Na terça-feira o procurador-geral (ministro da Justiça) dos Estados Unidos acusou o Irã de planejar um atentado contra o embaixador da Arábia Saudita em Washington. A denúncia serviu para estimular a proposta de mais uma rodada de sanções dos EUA e da União Européia contra a República Islâmica. No entanto, a história tem diversos pontos soltos e não explicados e se parece bastante com o teatro armado para justificar a invasão do Iraque. É preciso cautela – e muita – para examiná-la, mas independemente de sua veracidade ilustra a rápida deterioração da situação internacional iraniana, provocada sobretudo pela revoltas democráticas nos países árabes.

Segundo o governo americano, a Guarda Revolucionária (unidade de elite do Irã) teria contratado um cartel do tráfico de drogas do México para assassinar o diplomata saudita. Um informante das autoridades entre os traficantes denunciou o suposto agente iraniano, Manssor Arbabsia, um vendedor de carros usados condenado no passado por fraude bancária. O Departamento de Justiça dos Estados Unidos afirma ter gravações de conversas de Arbabsia com os criminosos mexicanos, e provas de que ele transferiu US$100 mil para os bandidos, como primeira parcela de um total de US$1,5 milhões cobrados para executar o embaixador.

O governo do Irã realizou diversos atentados terroristas no exterior – no Líbano, na Arábia Saudita e até na Argentina – mas o modus operandi denunciado pelos Estados Unidos é bastante estranho. Os iranianos têm serviços de inteligência extremamente eficazes e profissionais, além de contar com aliados experimentados como o Hezbolá. O tipo de erro primário cometido na suposta operação contra o diplomata saudita simplesmente não faz muito sentido. O historiador Juan Cole levanta a hipótese de que seja um projeto não-oficial, planejado por membros da Guarda Revolucionária envolvidos em disputas de tráfico de drogas com os sauditas. É uma sugestão verossímil, inclusive porque essa unidade é quase um Estado dentro do Estado, e sua atuação tem sido marcada por ferozes lutas por poder com autoridades civis e religiosas.
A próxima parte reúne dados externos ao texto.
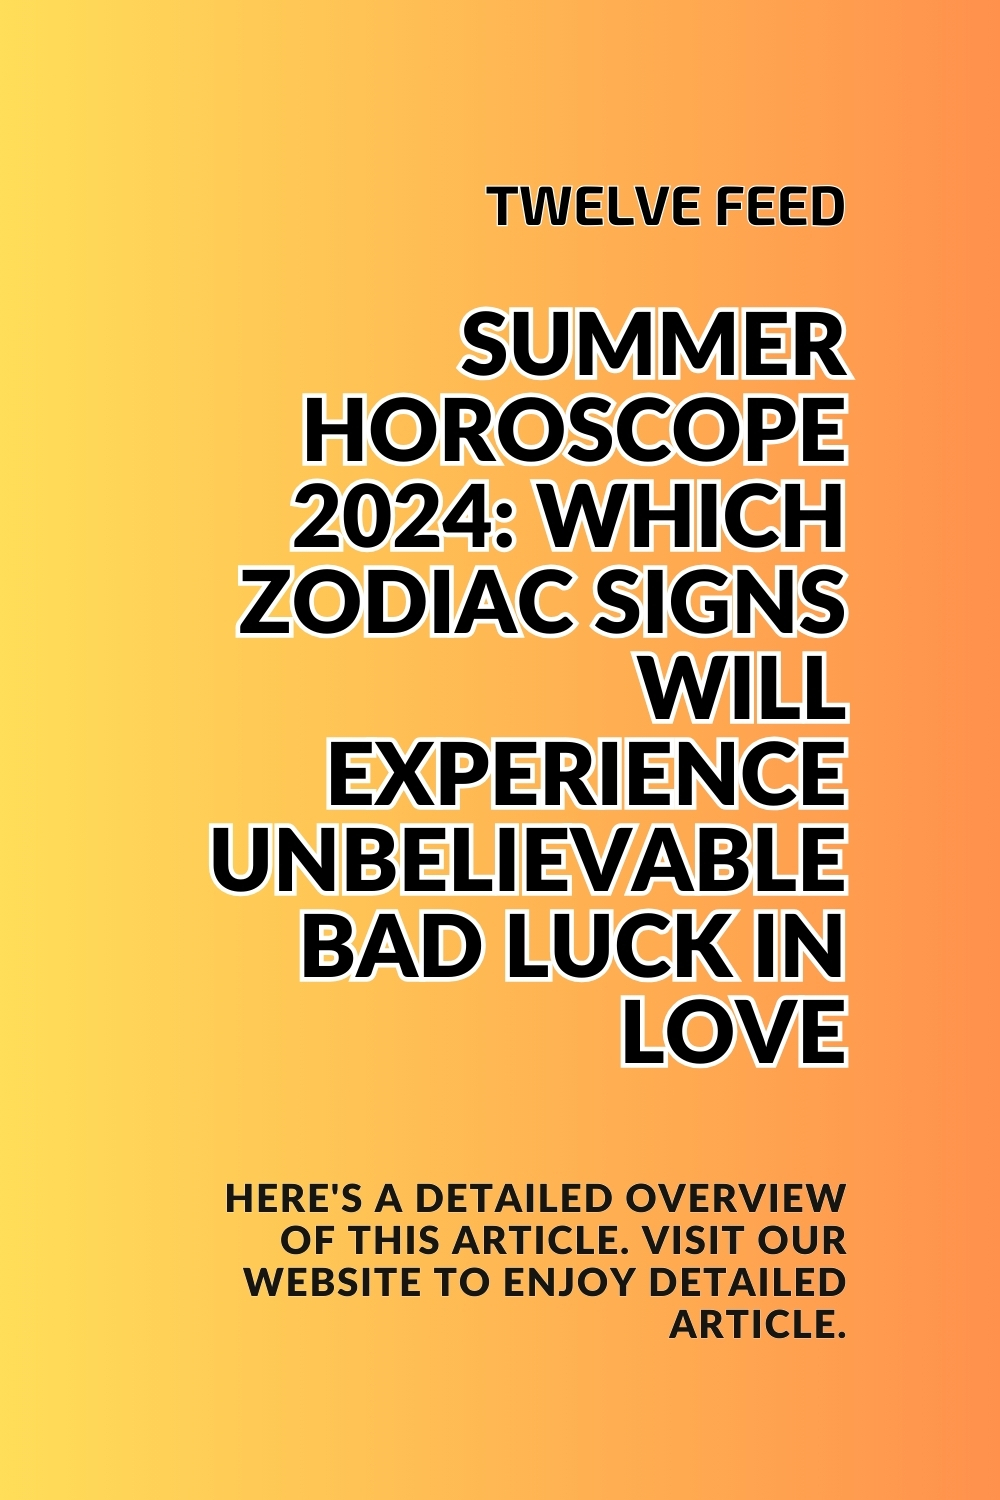 Summer Horoscope 2024: Which Zodiac Signs Will Experience Unbelievable Bad Luck In Love
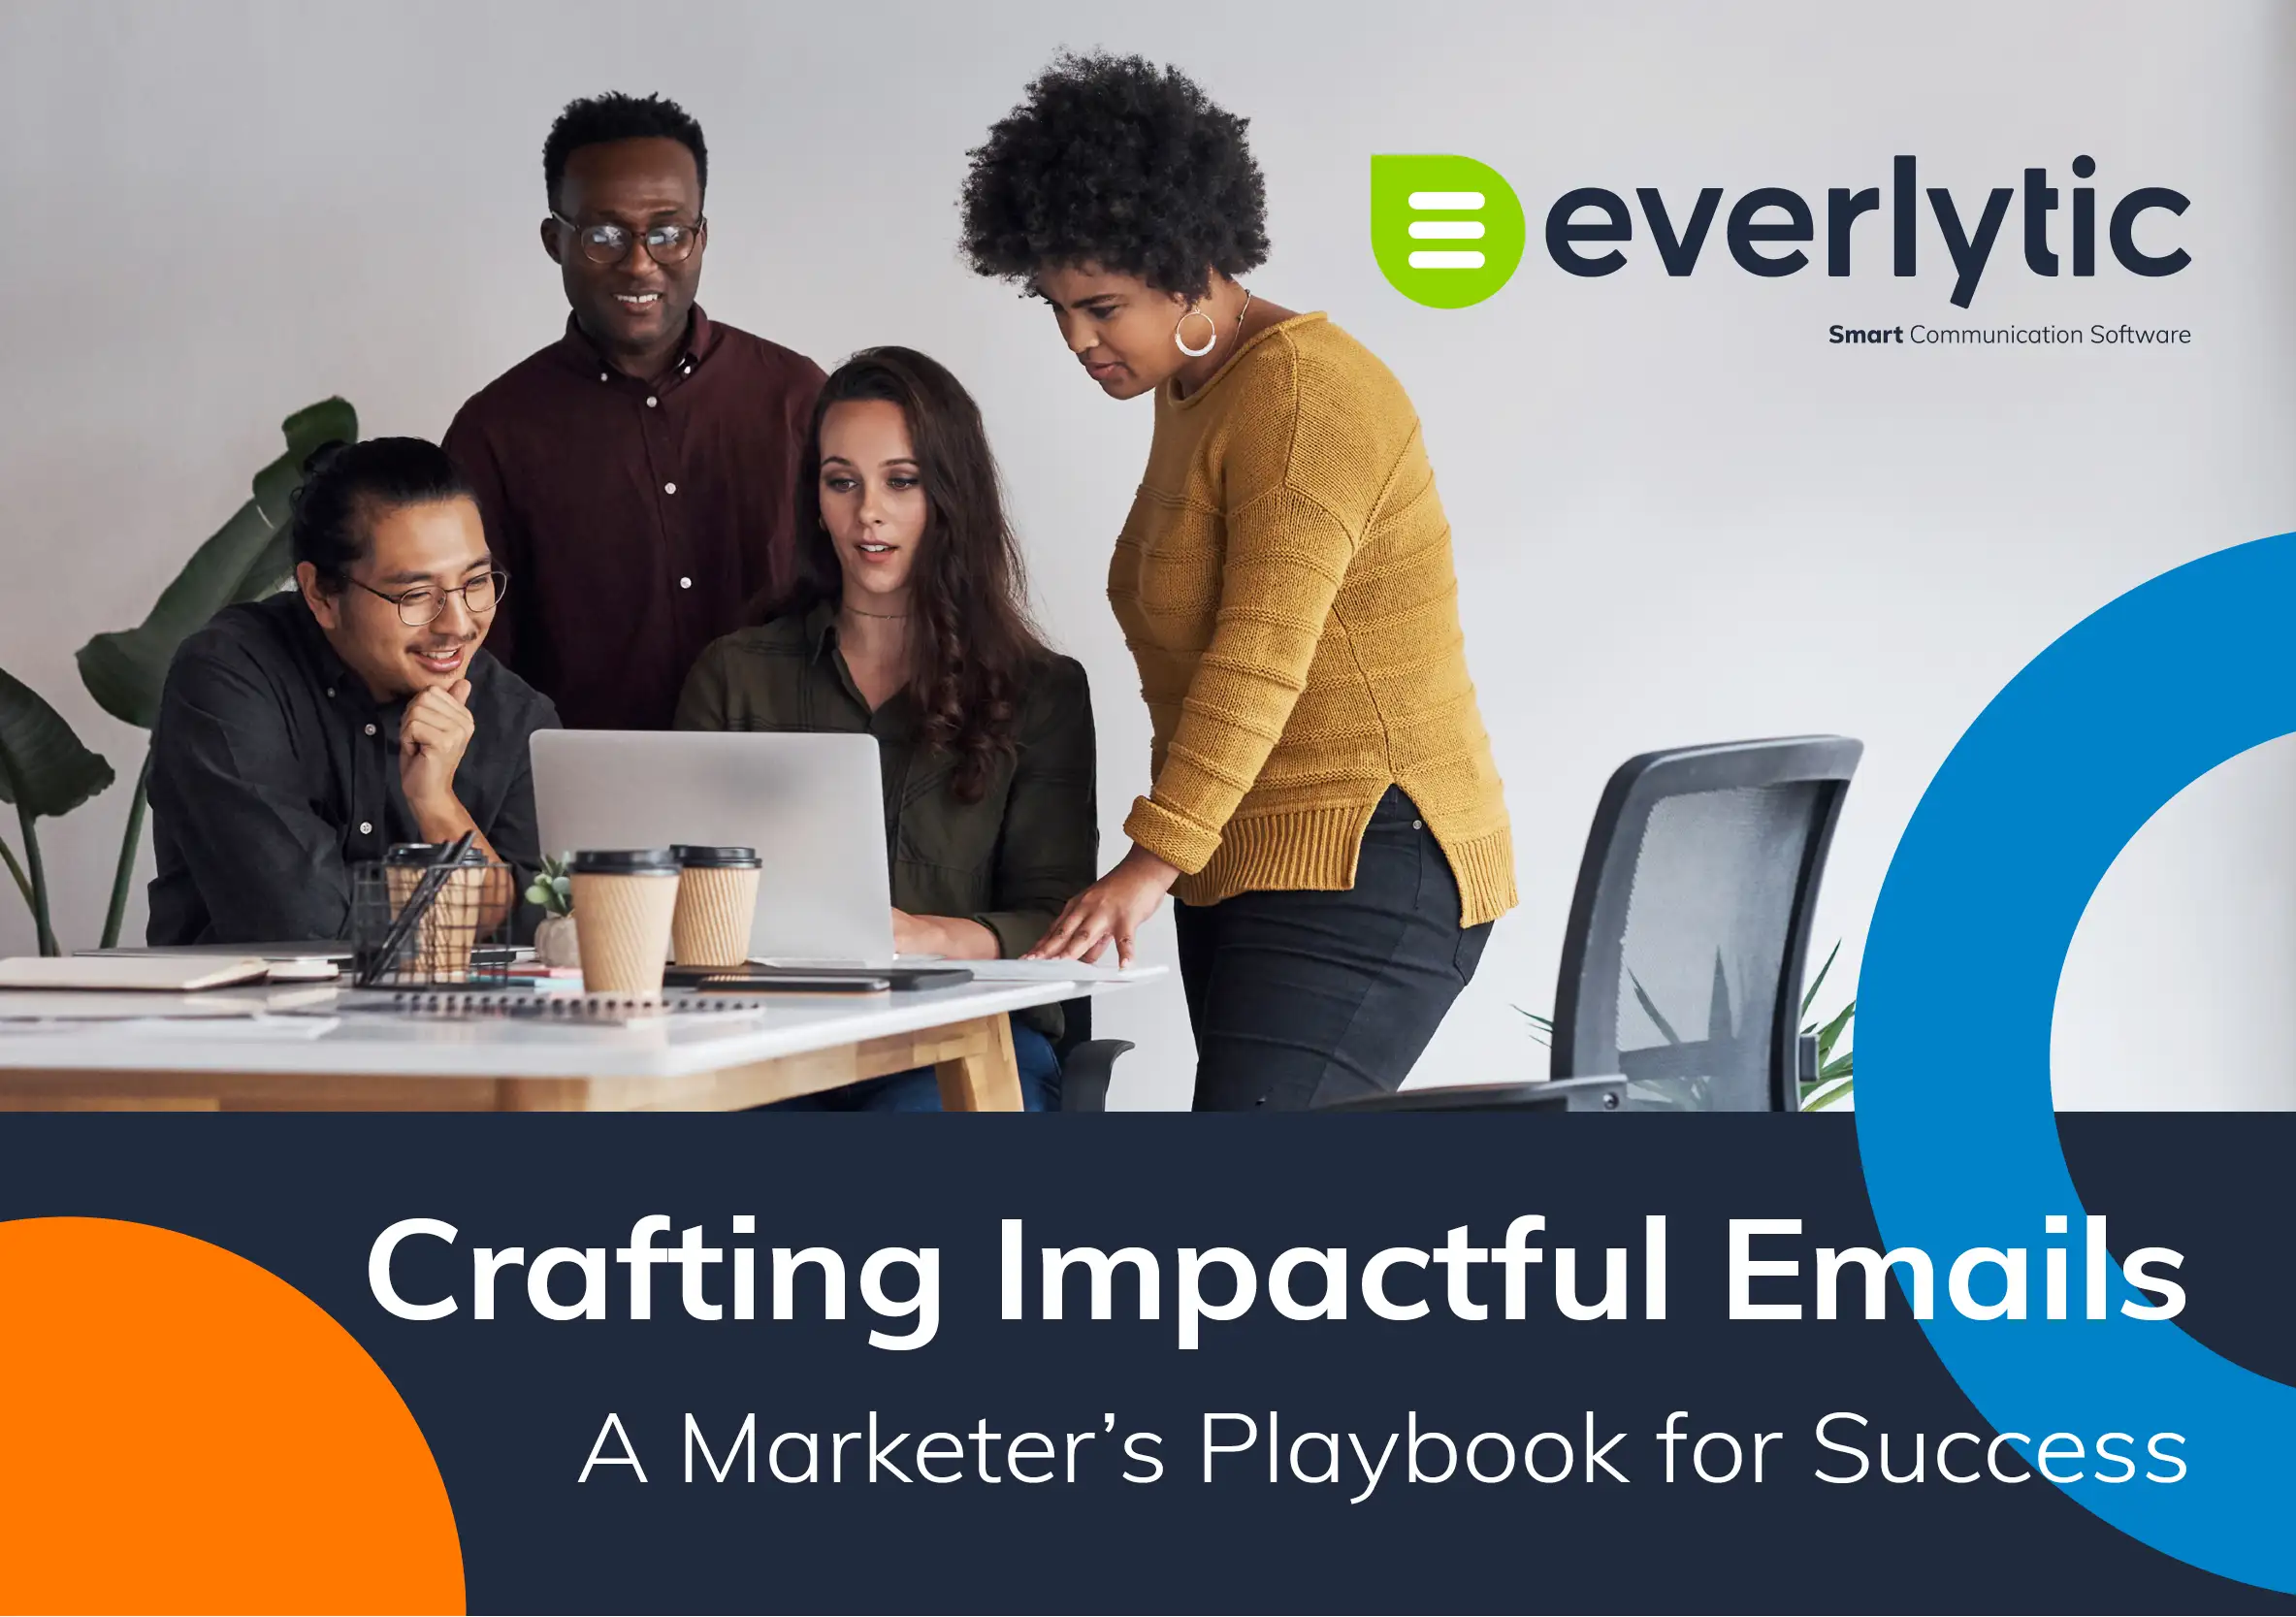 Crafting Impactful Emails A Marketers Playbook for Success | Everlytic | Crafting Impactful Emails: A Marketer’s Playbook for Success

Talvez nunca saibamos ao certo o que aconteceu, mas há fatos que podemos analisar neste momento. O mais importante deles é que as revoltas da Primavera Árabe ameaçam a influência do Irã sobre dois de seus aliados-chave no Oriente Médio: o grupo radical palestino Hamas e o governo da Síria. O Hamas tem se aproximado cada vez mais do Egito, fez a trégua com a Autoridade Nacional Palestina e acordou uma importante libertação de mil prisioneiros com Israel. O regime sírio de Assad enfrenta um desafio grande por sua própria sobrevivência, contra a maioria sunita do país, apoiada pelos Estados Unidos e pela Arábia Saudita.

Sauditas e iranianos tem história de disputas que diz respeito, em última instância, a modelos distintos de fundamentalismo religioso, sunita e xiita, e formas de governo, monárquica e republicana. Ambos são ditaduras, mas a da Arábia é ainda mais fechada do que a iraniana, não realizando sequer as eleições limitadas desta, e com restrições piores aos direitos das mulheres. Esse conflito se tornou mais intenso após a Revolução Islâmica de 1979 e agravou-se após o 11 de setembro, quando o Irã se beneficiou do fortalecimento dos movimentos políticos xiitas no Iraque e no Líbano.

A Primavera Árabe também é uma ameaça para os sauditas, que inclusive intervieram militarmente no vizinho Bahrein, para ajudar a monarquia local (sunita) a debelar uma rebelião popular (xiita). Mas a condição de um dos principais fornecedores de petróleo aos Estados Unidos, e aliado fidelíssimo desde a Segunda Guerra Mundial tem poupado o rei saudita do tipo de crítica e sanções internacionais recebidos por tiranos semelhantes na Líbia, Síria e Egito.